Archbishop Runcie had first broached the idea of a visit when he had met Pope John Paul II in Accra in 1980, but it was Cardinal Hume,
as head of the Roman Catholic Church, who issued the formal invitation given that it was to be a pastoral rather than a state visit. Personal meetings between the head of the Catholic Church and the head of the Anglican Communion dated back to the 1960s when Archbishop Fisher was the first to break with history and call on Pope John XXIII in Rome, although it had not been an official welcome and the Vatican pointedly insisted on referring to the archbishop as ‘Dr Fisher’. By the time that Paul VI welcomed his successor, Archbishop Ramsey, the second Vatican Council had issued its decree on ecumenism and the stage was set for the announcement of the Anglican Roman Catholic International Commission (ARCIC) which aimed at putting ecumenical dialogue on a solid footing and settling the theological divisions between the churches. The meeting did not run entirely smoothly though; Ian Paisley and his band of protestors had been on the same plane as the archbishop and proceeded to stage a demonstration in their ‘Archbishop Ramsey traitor to Protestant Britain’ shirts at the airport.

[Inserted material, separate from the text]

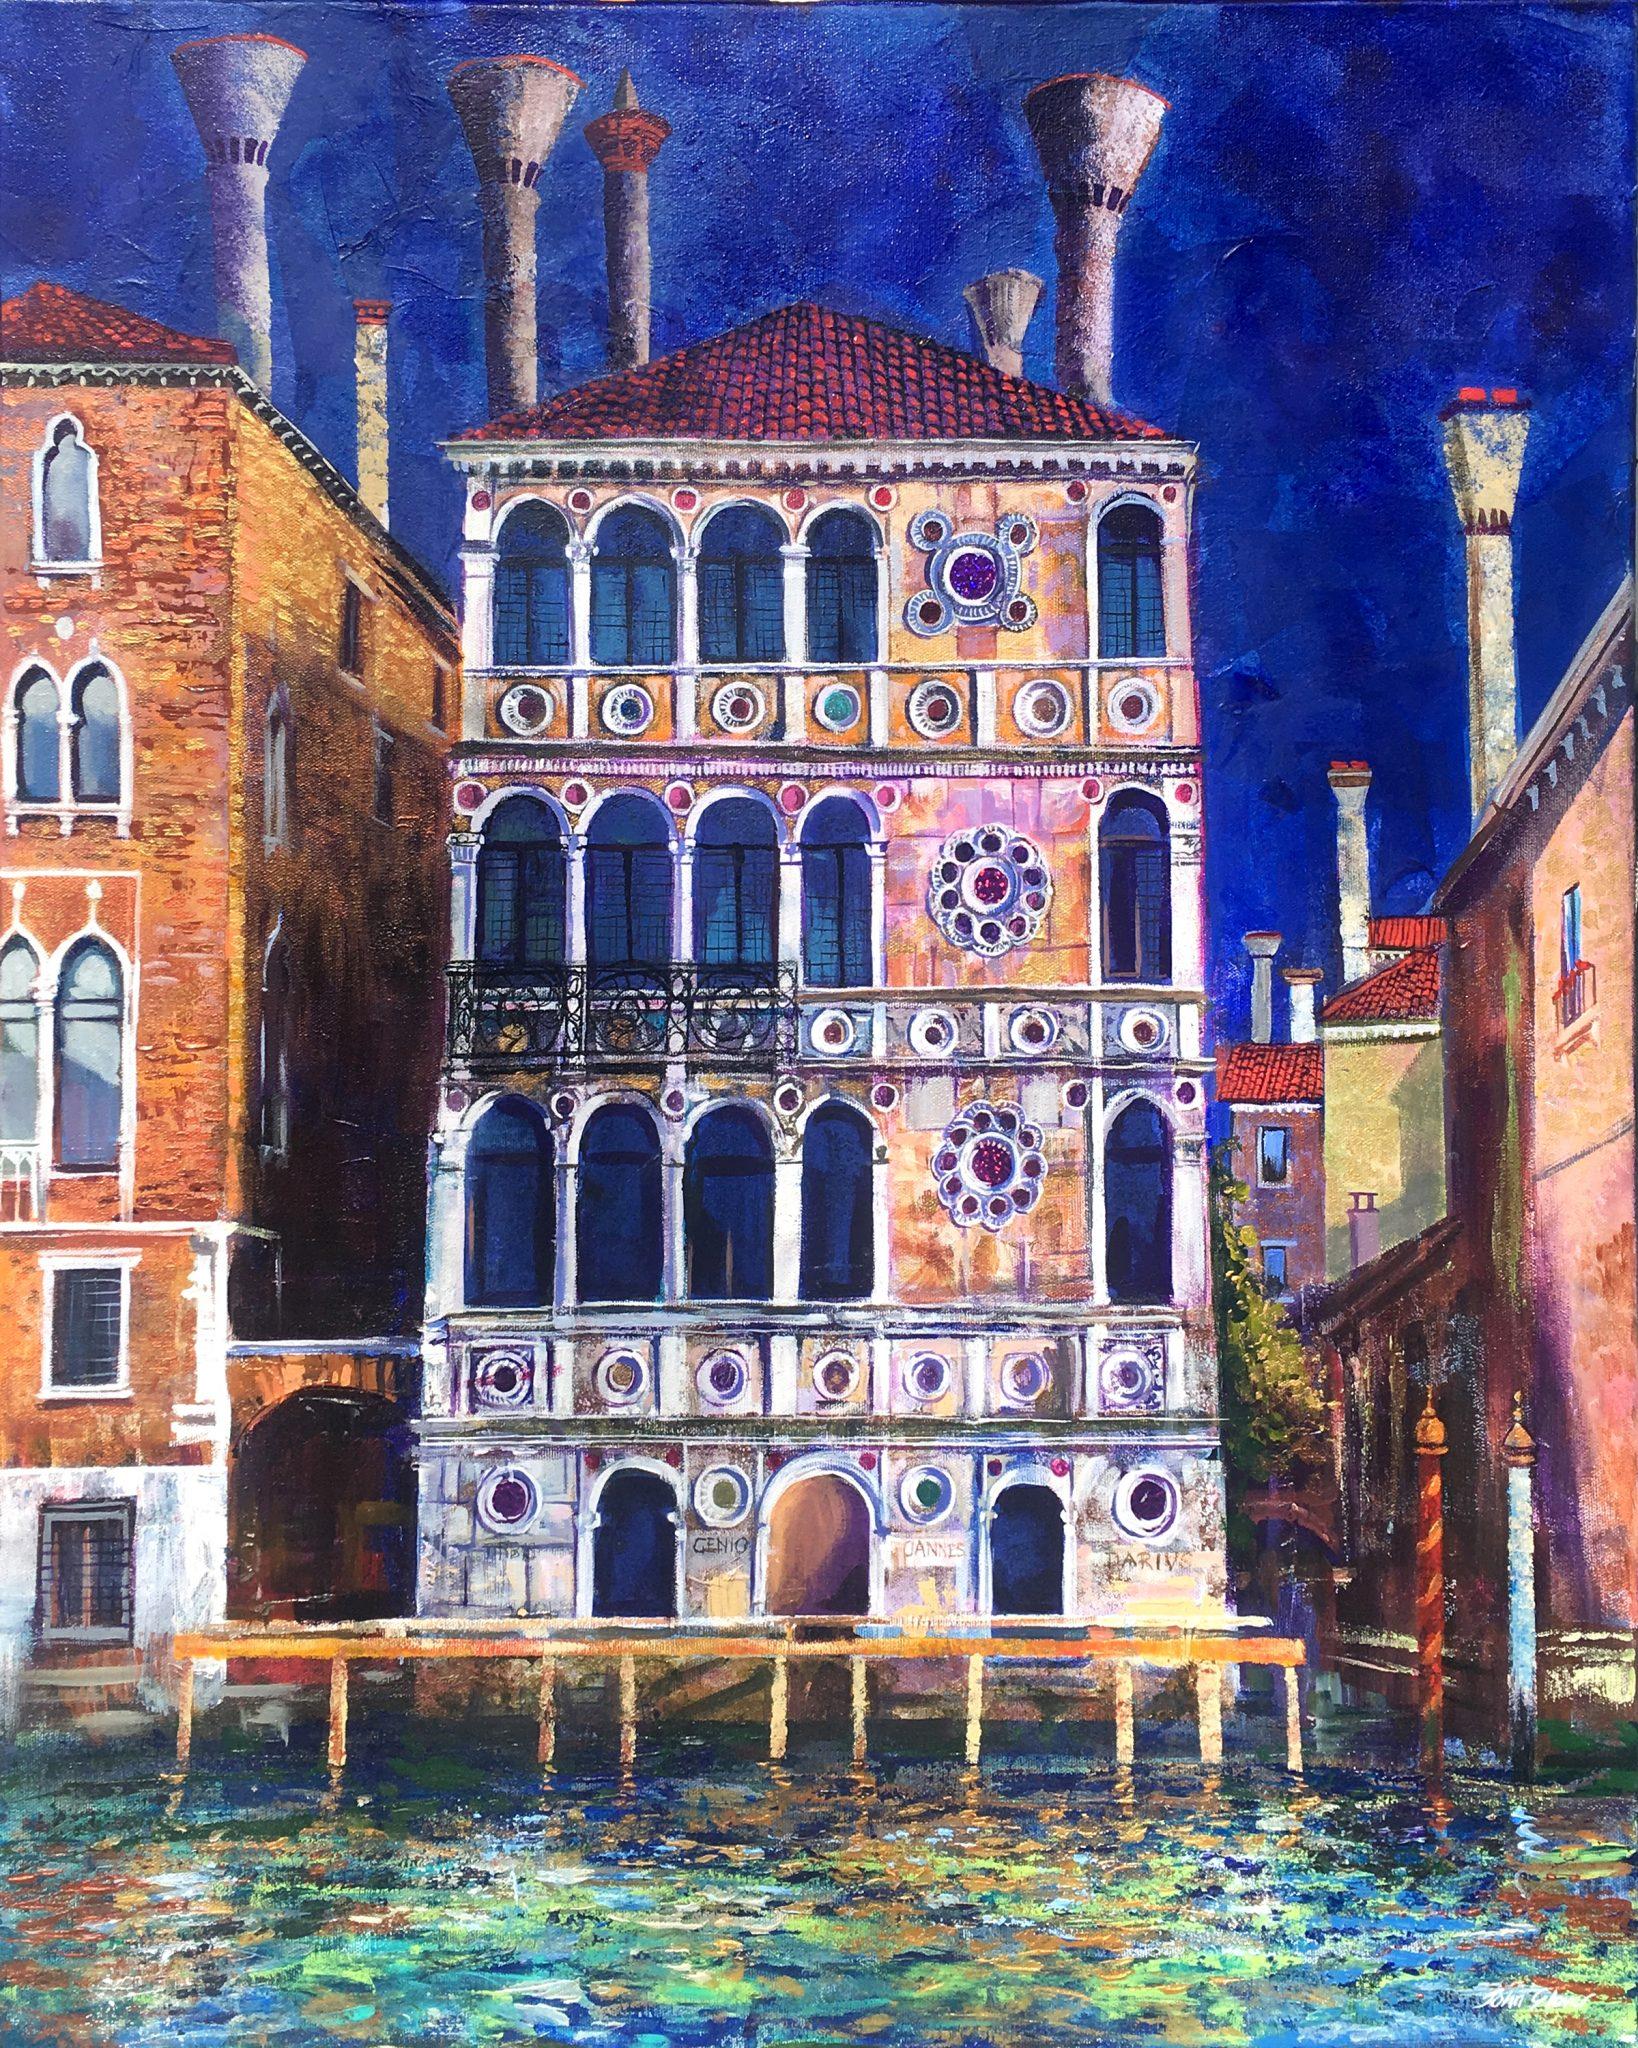 The Palazzo Dario Grand Canal Venice

A further nudge towards re-approachment came in 1977 when Archbishop Coggan and Paul VI signed a joint declaration on unity but as yet no pope had set foot on British soil. Runcie was very keen for John Paul II’s visit to go ahead; he saw it as a necessary seal of approval for ARCIC, whose report, published in 1981, seemed to pave the way for closer union, if not full communion, between the two churches. Runcie also wished to see the Pope publicly demonstrate respect for Anglicanism, which he felt was not always accorded due status in Rome, and he hoped that John Paul II might revoke the 1896 papal bull nullifying Anglican orders. Runcie later admitted that he had doubts about John Paul II, particularly his conservatism on sexual matters and women in the church, which Runcie considered stemmed from the ‘Mediterranean male conservative’ atmosphere of the Vatican. The divisions were felt to be so extreme that some in Lambeth feared that the visit would reveal divisions rather than harmony between Catholicism and Anglicanism.